Each frame is 25 SID registers encoded as 50 hex characters + newline:
```
B0080005410A306011C0064108200016800D41082000B4031F
B0084005410A30601100074108200016C00D41082000B4031F
...
<end>
```

- 50 frames = 1 second of audio
- Vocabulary: `0-9`, `A-F`, `<`, `>`, `d`, `e`, `n`, `\n` (22 tokens)

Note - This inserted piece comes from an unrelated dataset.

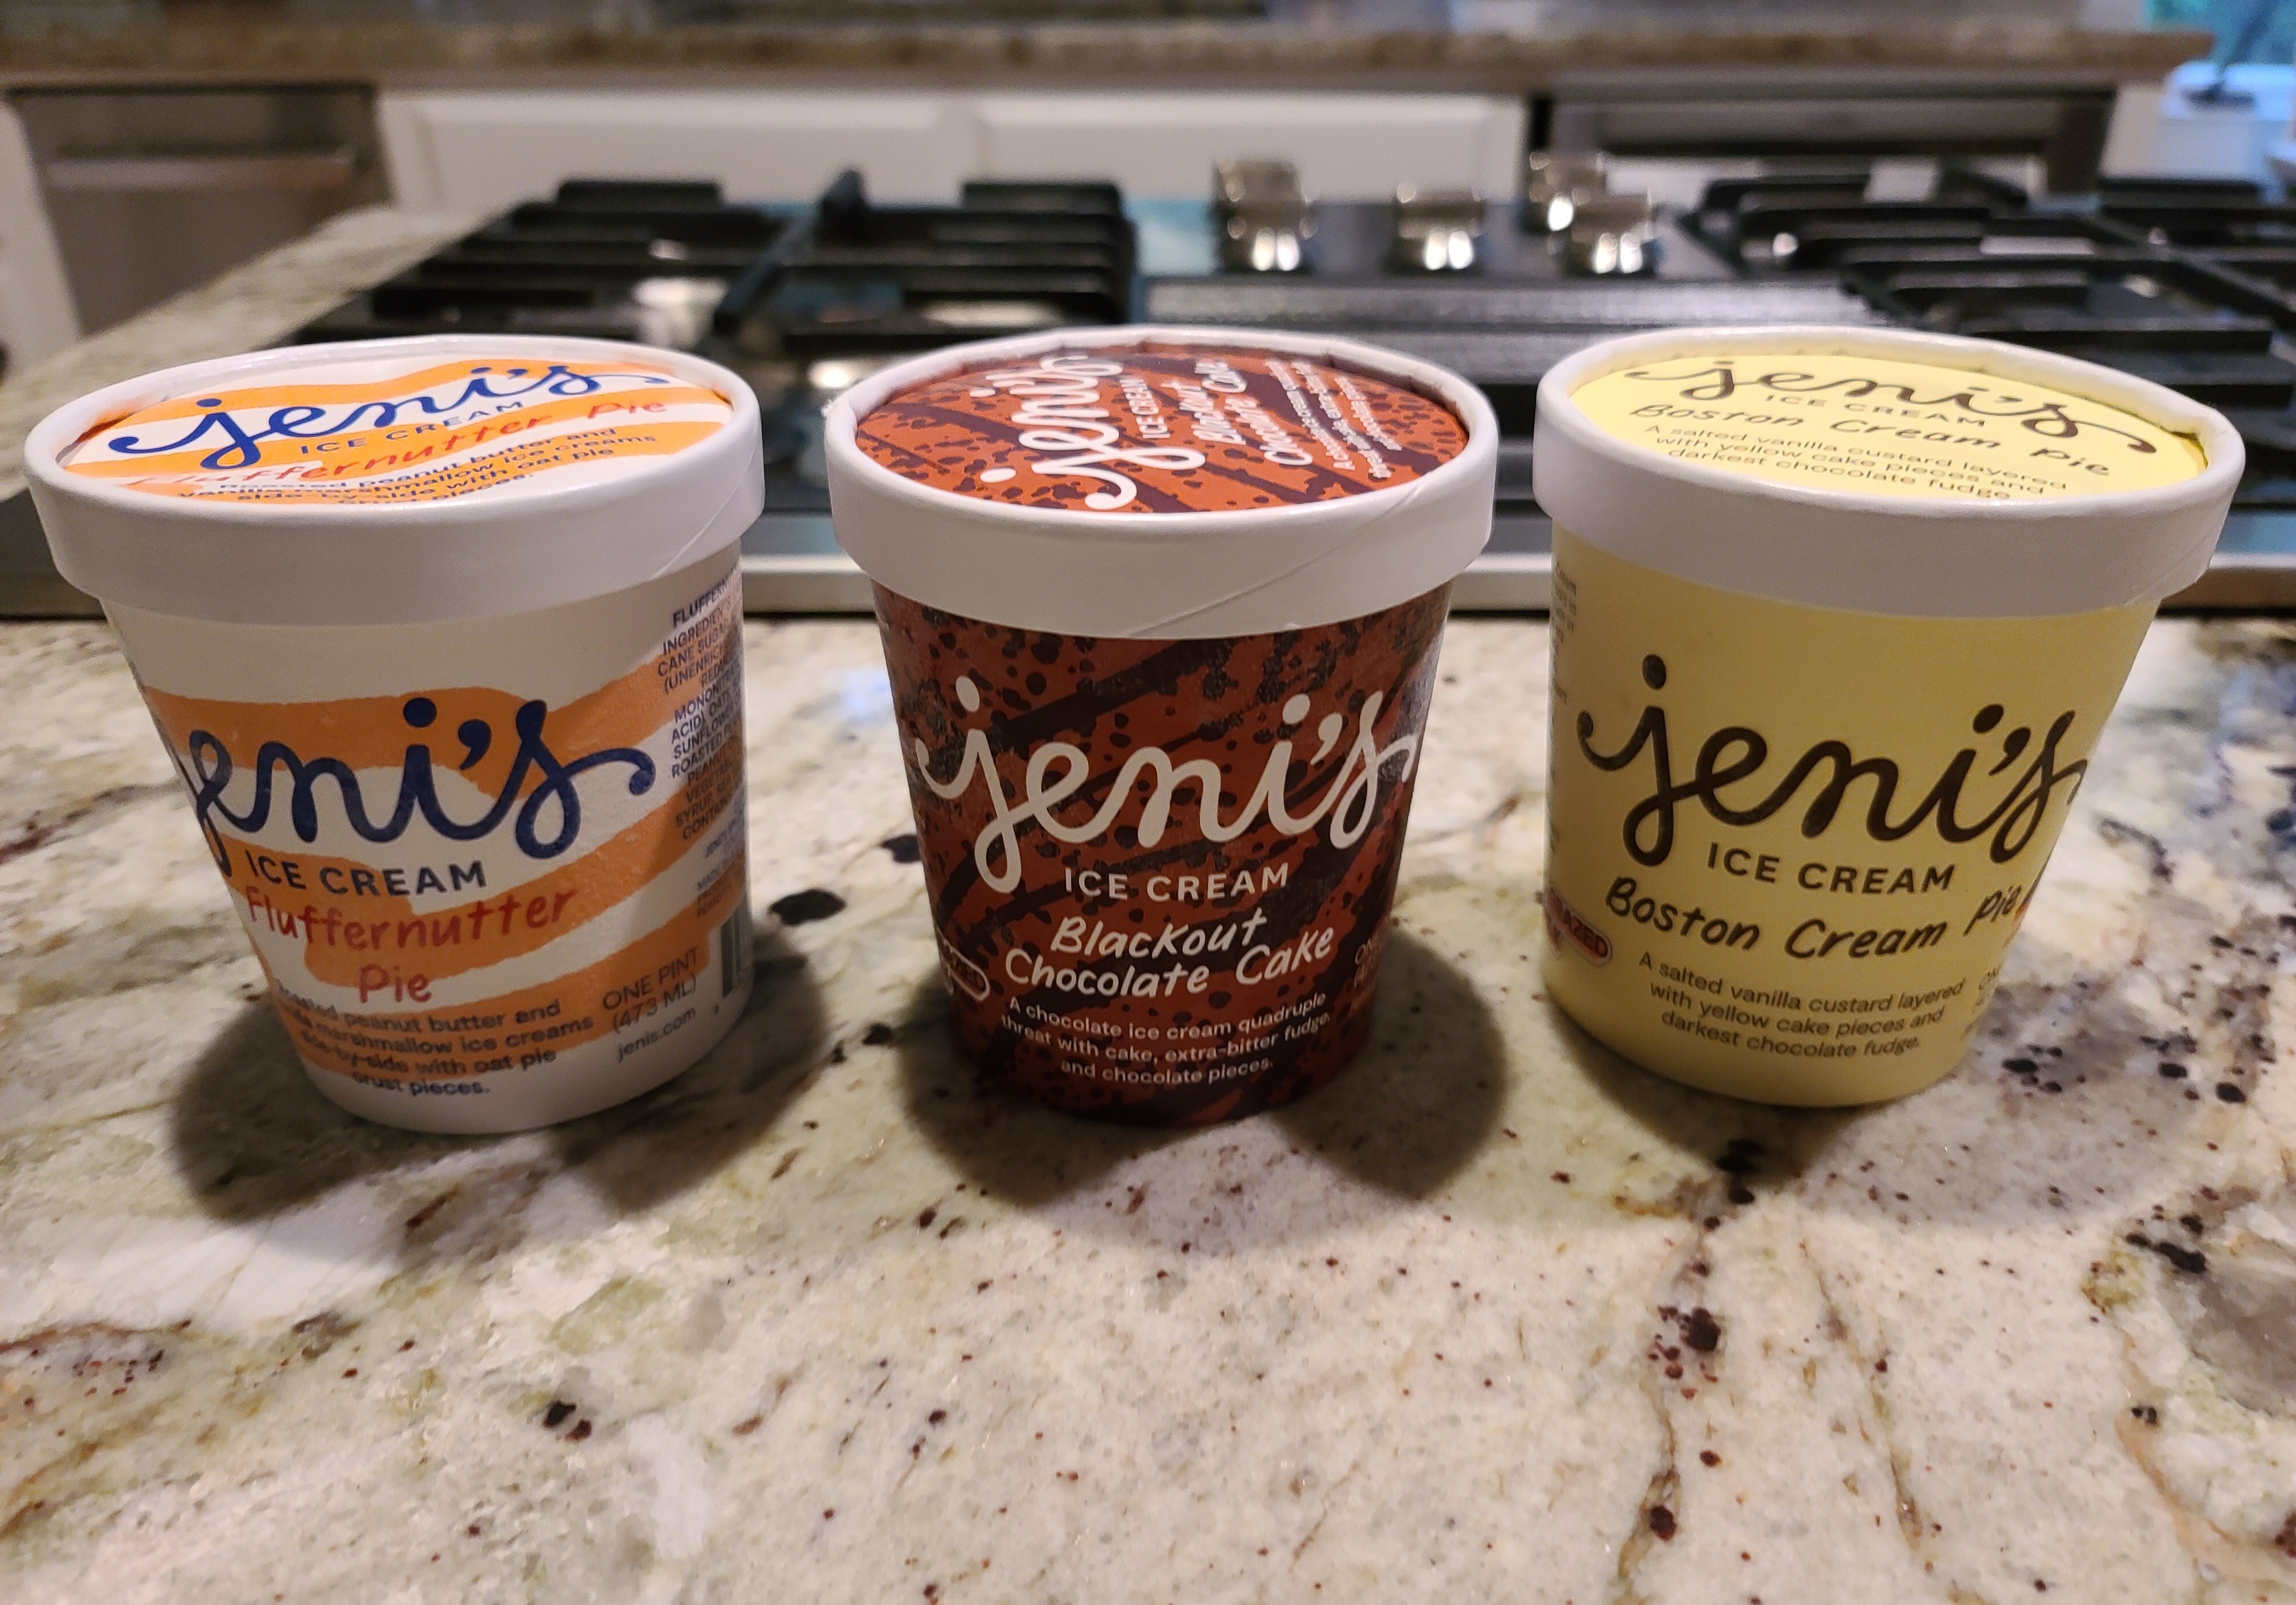 Favorite Flavor of Jeni's Ice Cream?

### Inference Optimizations

The Zig engine includes:
- **KV Cache**: 50-100x speedup for autoregressive generation
- **SIMD**: @Vector(8, f32) operations, 24x speedup
- **Sliding Window**: Infinite generation beyond context length

## Citation
```bibtex
@misc{sidgpt2026,
  author = {Mario Schallner},
  title = {SID-GPT: Transformer-based Commodore 64 Music Generation},
  year = {2026},
  publisher = {Hugging Face},
  url = {https://huggingface.co/M64/sid-gpt-25m}
}
```

## Links

- [GitHub Repository](https://github.com/M64GitHub/SidGPT)
- [Training Dataset](https://huggingface.co/datasets/M64/sid-music) 1GB training data (2,410 SID files)
- [HVSC - Training Data Source](https://hvsc.c64.org/)
- [Blog Post](#) *(coming soon)*

## Acknowledgments

Thanks to the legendary C64 composers whose work made this possible: Matt Gray, Jeroen Tel, Rob Hubbard, Martin Galway, DRAX, Laxity, and all contributors to HVSC.